The Late Paleolithic in Egypt started around 30,000 BC. The Nazlet Khater skeleton was found in 1980 and given an age of 33,000 years in 1982, based on nine samples ranging between 35,100 and 30,360 years old. This specimen is the only complete modern human skeleton from the earliest Late Stone Age in Africa.

Mesolithic

Halfan and Kubbaniyan culture

The Halfan and Kubbaniyan, two closely related industries, flourished along the Upper Nile Valley. Halfan sites are found in the far north of Sudan, whereas Kubbaniyan sites are found in Upper Egypt. For the Halfan, only four radiocarbon dates have been produced. Schild and Wendorf (2014) discard the earliest and latest as erratic and conclude that the Halfan existed c. 22.5-22.0 ka cal BP. People survived on a diet of large herd animals and the Khormusan tradition of fishing. Greater concentrations of artifacts indicate that they were not bound to seasonal wandering, but settled for longer periods. The Halfan culture was derived in turn from the Khormusan, which depended on specialized hunting, fishing, and collecting techniques for survival. The primary material remains of this culture are stone tools, flakes, and a multitude of rock paintings.

Sebilian culture

In Egypt, analyses of pollen found at archaeological sites indicate that the people of the Sebilian culture (also known as the Esna culture) were gathering wheat and barley.
The Sebilian culture began around 13,000 B.C and vanished around 10,000 B.C Domesticated seeds were not found. It has been hypothesized that the sedentary lifestyle used by farmers led to increased warfare, which was detrimental to farming and brought this period to an end.

Qadan culture

The Qadan culture (13,000–9,000 BC) was a Mesolithic industry that, archaeological evidence suggests, originated in Upper Egypt (present-day south Egypt) approximately 15,000 years ago. The Qadan subsistence mode is estimated to have persisted for approximately 4,000 years. It was characterized by hunting, as well as a unique approach to food gathering that incorporated the preparation and consumption of wild grasses and grains. Systematic efforts were made by the Qadan people to water, care for, and harvest local plant life, but grains were not planted in ordered rows.

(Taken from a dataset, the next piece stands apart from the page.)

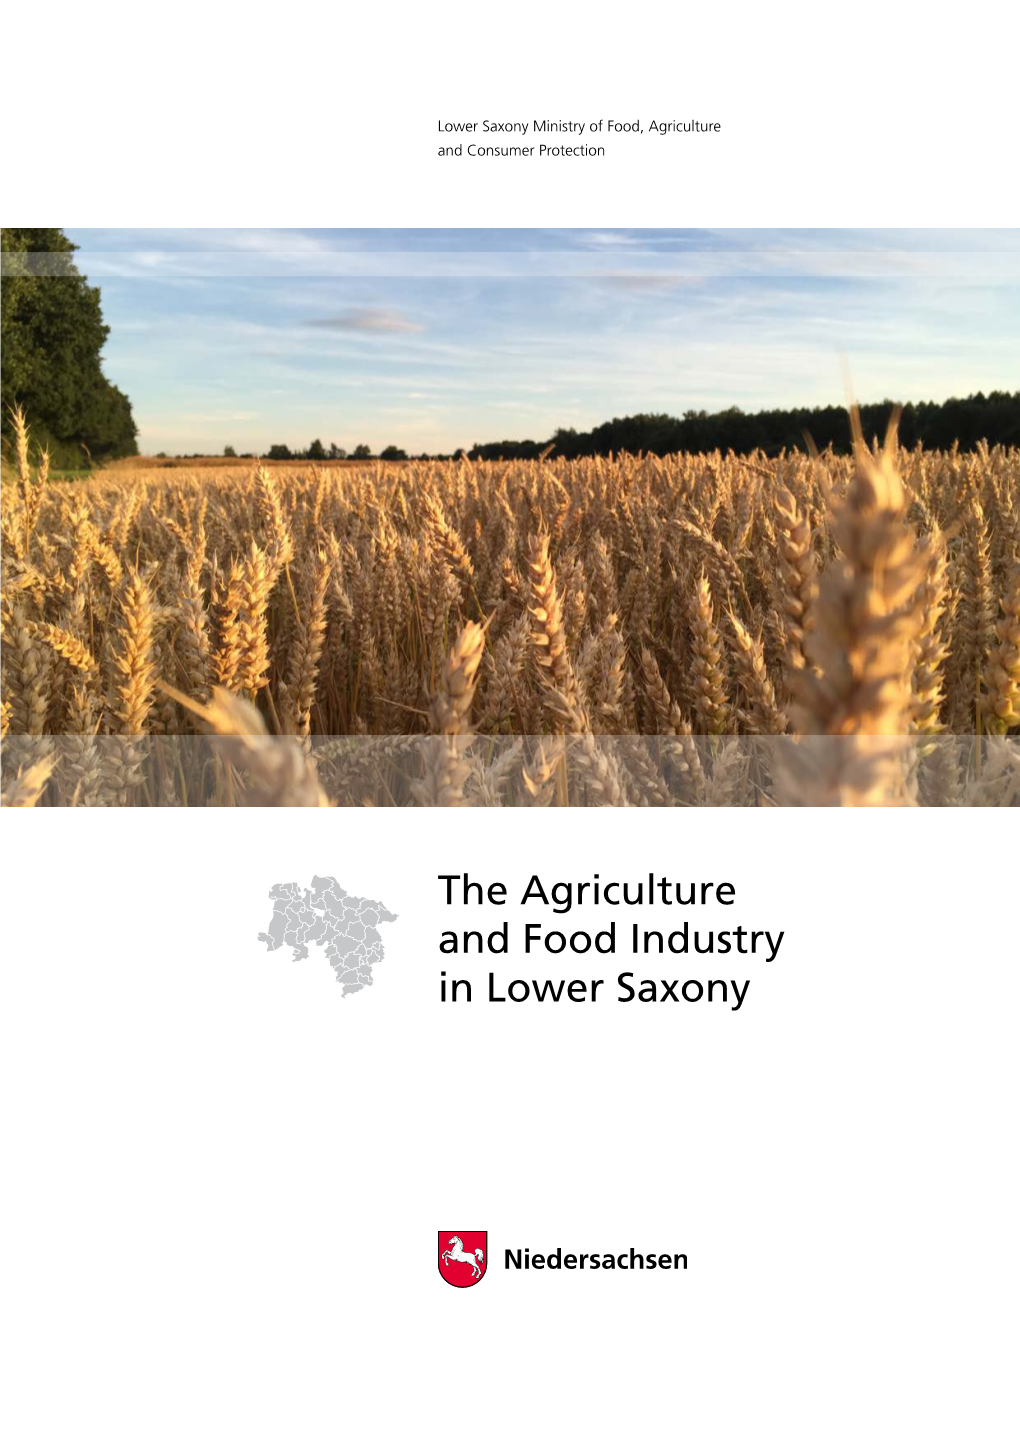 The Agriculture and Food Industry in Lower Saxony the Agriculture and Food Industry in Lower Saxony
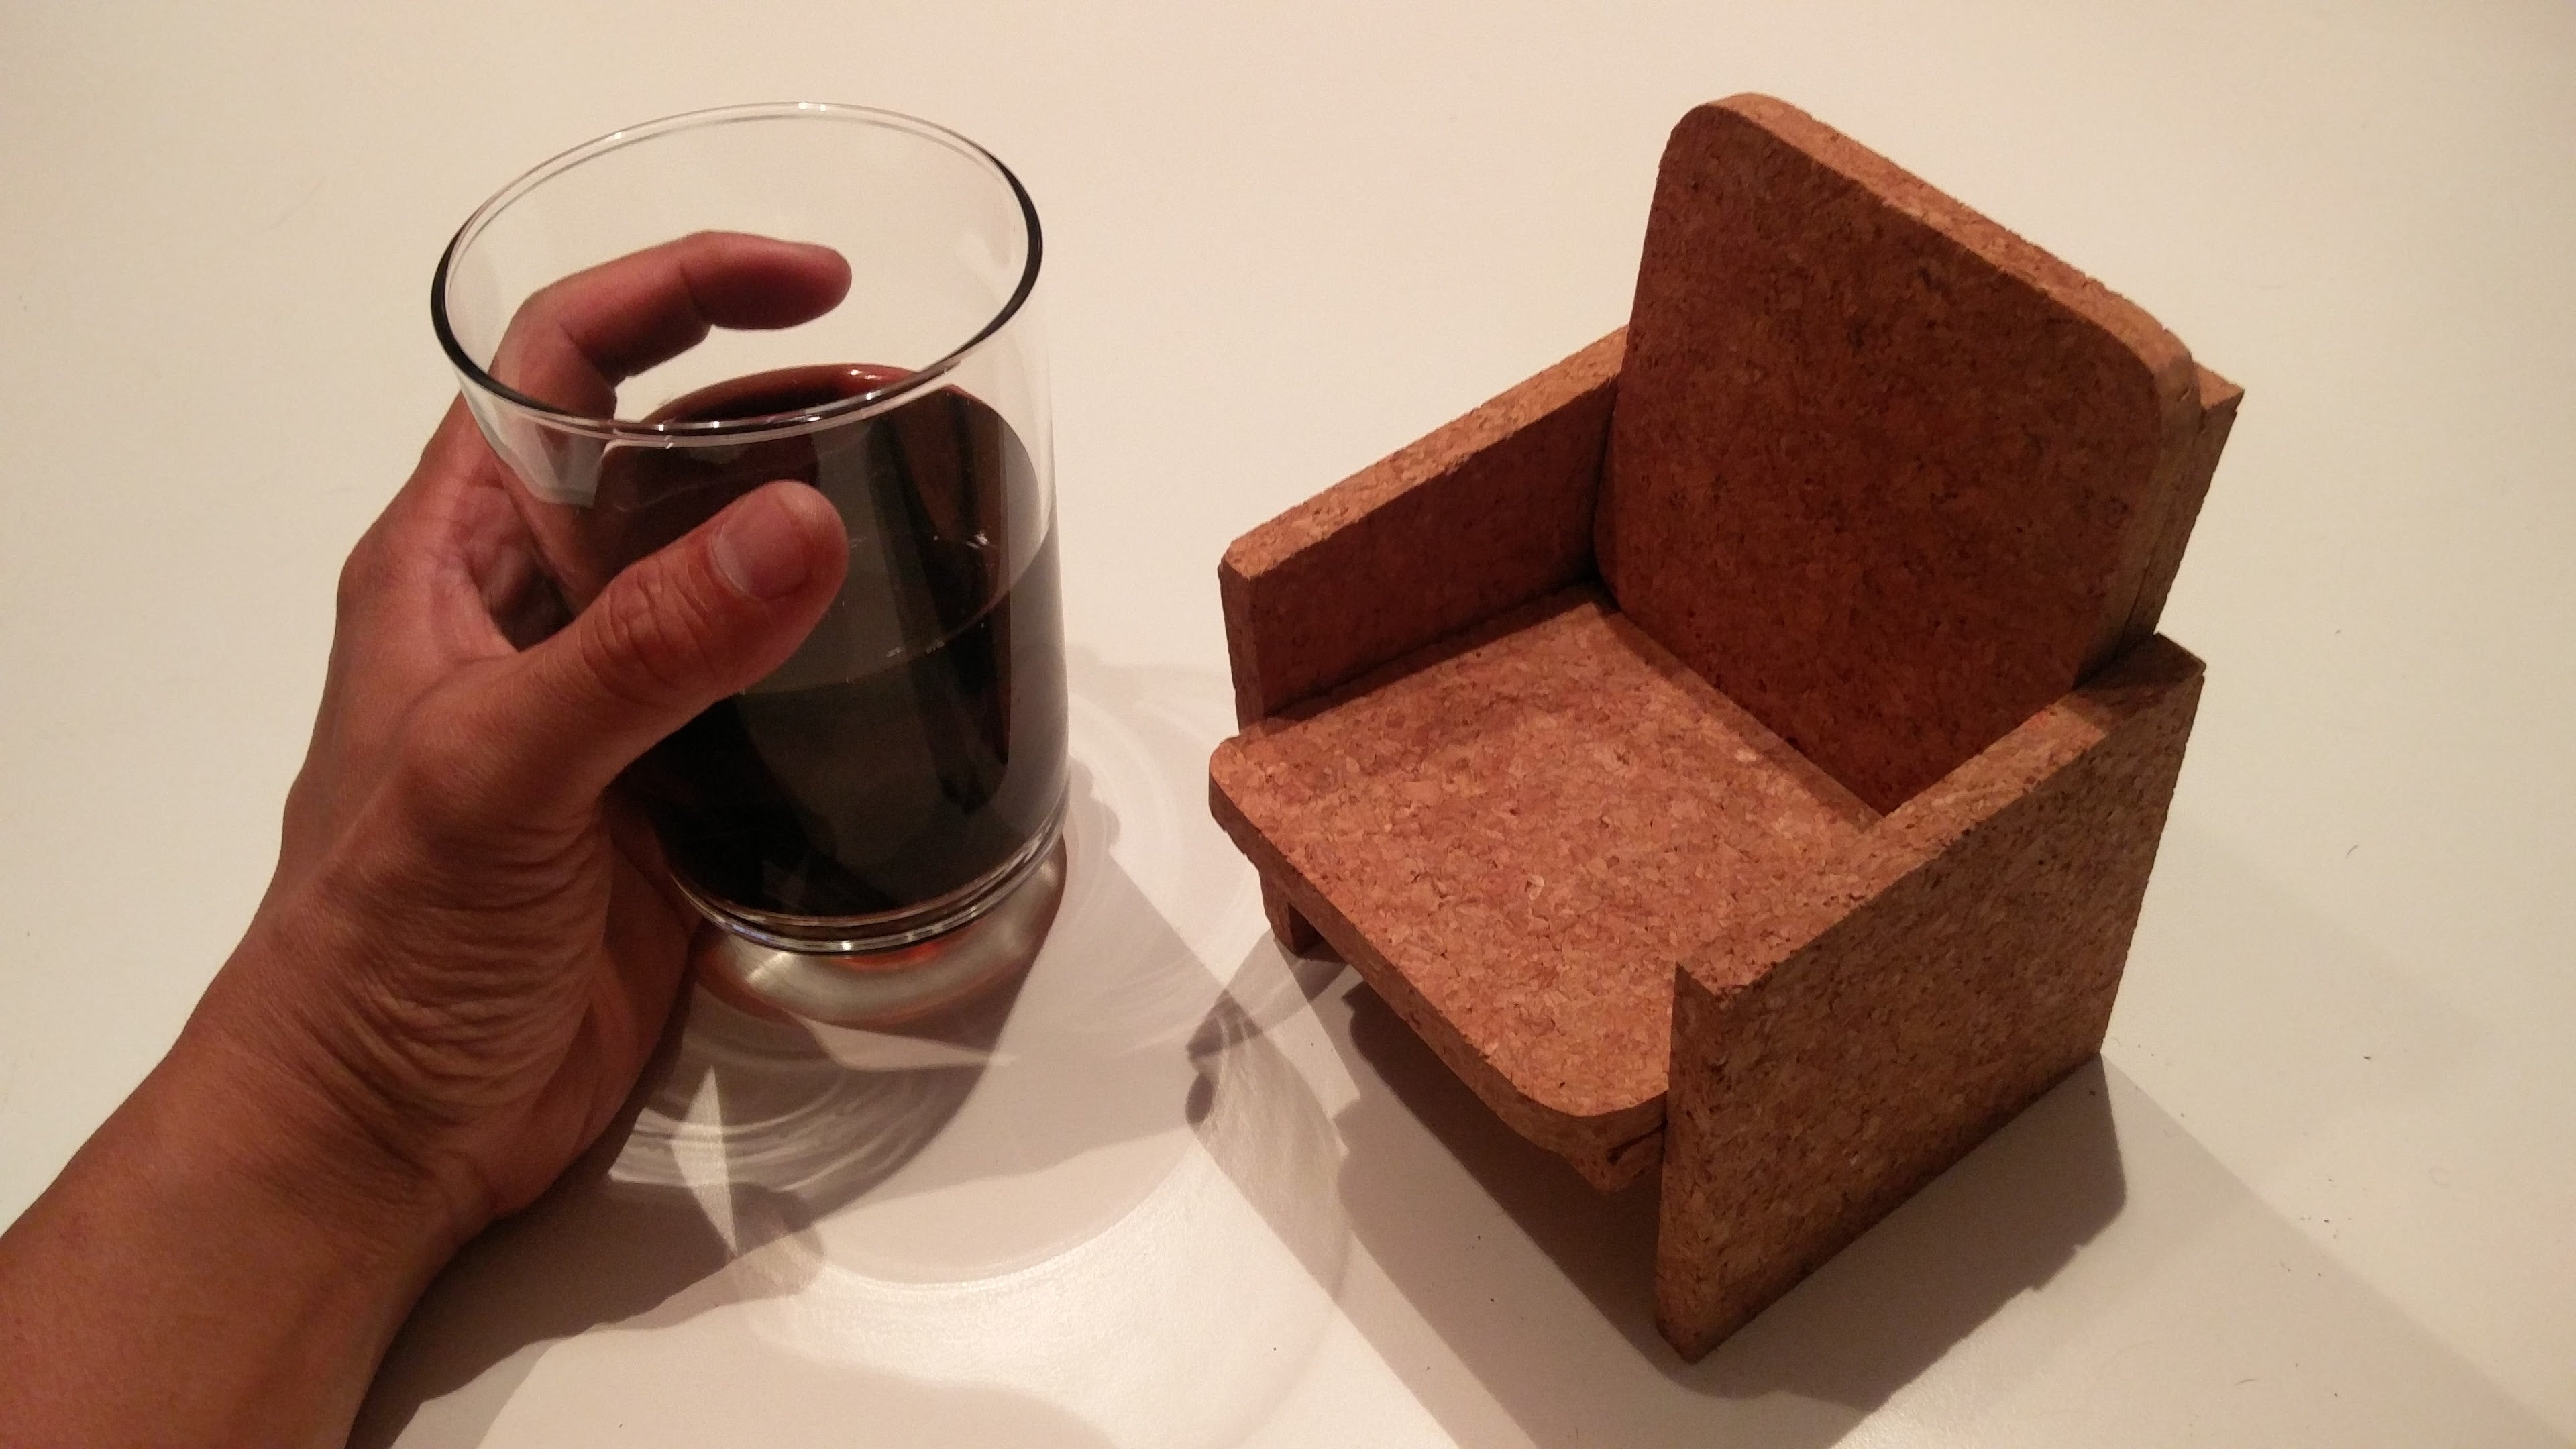 Magnetically Assembled Cork Coaster Mini-Chair

Around twenty archaeological sites in Upper Nubia give evidence for the existence of the Qadan culture's grain-grinding culture. Its makers also practiced wild grain harvesting along the Nile during the beginning of the Sahaba Daru Nile phase, when desiccation in the Sahara caused residents of the Libyan oases to retreat into the Nile valley. Among the Qadan culture sites is the Jebel Sahaba cemetery, which has been dated to the Mesolithic.

Qadan peoples were the first to develop sickles and they also developed grinding stones independently to aid in the collecting and processing of these plant foods prior to consumption. However, there are no indications of the use of these tools after around 10,000 BC, when hunter-gatherers replaced them.

Harifian culture

The Harifians (8,800 – 8,000 BC) are viewed as migrating out of the Fayyum and the eastern deserts of Egypt (including Sinai) during the late Mesolithic to merge with the Pre-Pottery Neolithic B (PPNB) culture, whose tool assemblage resembles that of the Harifian. This assimilation led to the Circum-Arabian Nomadic Pastoral Complex, a group of cultures that invented nomadic pastoralism, and may have been the original culture which spread Proto-Semitic languages throughout Mesopotamia.

Neolithic

Lower Egypt

Faiyum A culture

Continued expansion of the desert forced the early ancestors of the Egyptians to settle around the Nile more permanently and adopt a more sedentary lifestyle during the Neolithic.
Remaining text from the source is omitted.